Odd "ValueError: buffer source array is read-only" error with dtaidistance inside ipyparallel
Closed this issue · 3 comments
I'm trying to compute the DTW distances to various queries against many other time series. For each query I run subsequence_search
with an array of time series (i.e. an array of arrays):
def getQuerySeriesResults(q, series, additions, minMatchCount, maxMatchCount):
sa = subsequence_search(q, series, dists_options={'use_c': True})
best = sa.kbest_matches_fast(k = maxMatchCount)
return getSearchParameters(best, sa.distances, additions, minMatchCount)
Since I have many queries to compare against time series, this warrants a use case for parallelization, and so I setup a cluster with ipyparallel:
import ipyparallel as ipp
clusterProcessesCount = 4
cluster = ipp.Cluster(n = clusterProcessesCount)
cluster.start_cluster_sync()
rc = cluster.connect_client_sync()
rc.wait_for_engines(clusterProcessesCount)
lview = rc.load_balanced_view()
dview = rc[:]
It works fine when running arbitrary python code:
tests = np.array([1, 2, 3])
def f(test):
return test
for result in lview.imap(f, tests, ordered = False, max_outstanding = 'auto'):
print(result)
However, as soon as I invoke sa.kbest_matches_fast
inside one of the child processes, I get this exception:
exception calling callback for <AsyncResult(<ipyparallel.serialize.serialize.PrePickled object at 0x7f7e2a170f70>): failed>
Traceback (most recent call last):
File "/Users/tommedema/opt/anaconda3/lib/python3.9/site-packages/ipyparallel/client/asyncresult.py", line 528, in _resolve_result
raise r
ipyparallel.error.RemoteError: [0:apply] ValueError: buffer source array is read-only
The entire log can be found here
I could ask in the ipyparallel repo too though the issue seems to only occur with dtaidistance when setting use_c
to True and so I am wondering if you might have an idea what is going on here?
I just found that when I disable C ("use_c": False
) this error does not occur.
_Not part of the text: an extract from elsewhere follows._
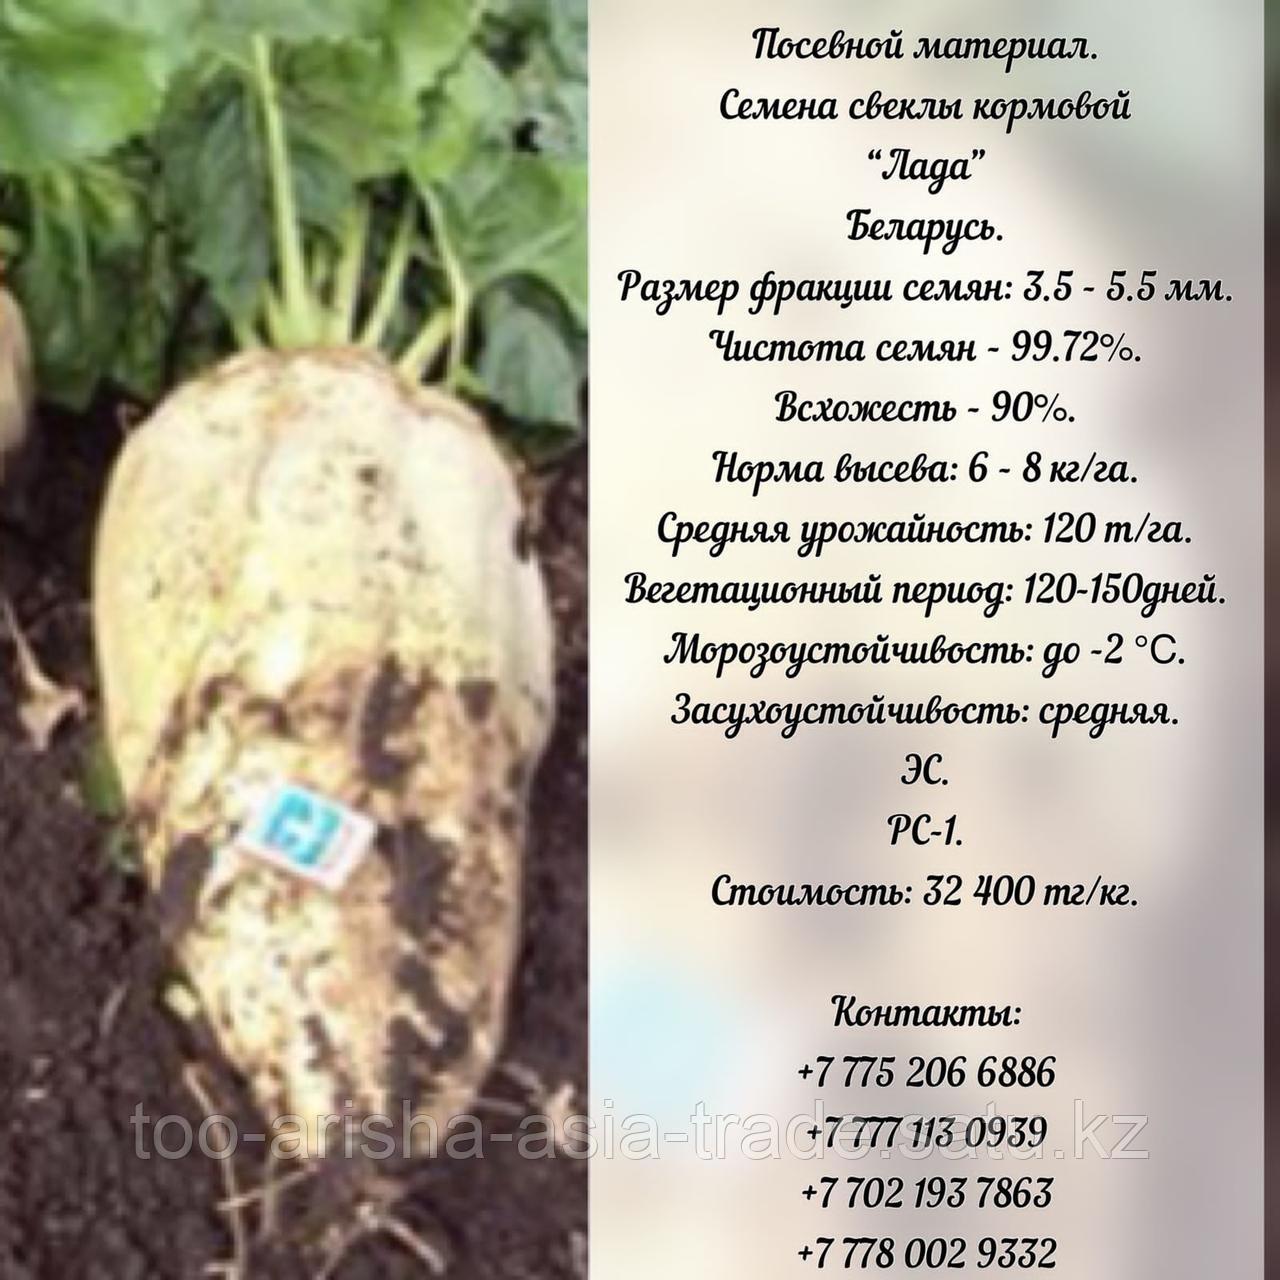 Семена кормовой свеклы "Лада"  ЭС, РС -1  Беларусь

However, that defeats the purpose of my performance optimization with parallelization.
If it helps, I can create a minimal reproducible example using Google Collab (though I'm not sure if I can run child processes there). Please let me know and I really appreciate any help on this.
A minimal reproducible example would be helpful, yes. I do not seem to be able to repeat the error when using ipyparallel. And I can not immediately see where a non-writable view would be created.
You could also test the inputs (query and series) to the subsequence_alignment function with the following test to check if this is triggered by an operation before calling dtaidistance:
if query.flags.writeable is False:
assert('query is not writeable')
if series.flags.writeable is False:
assert('series is not writeable')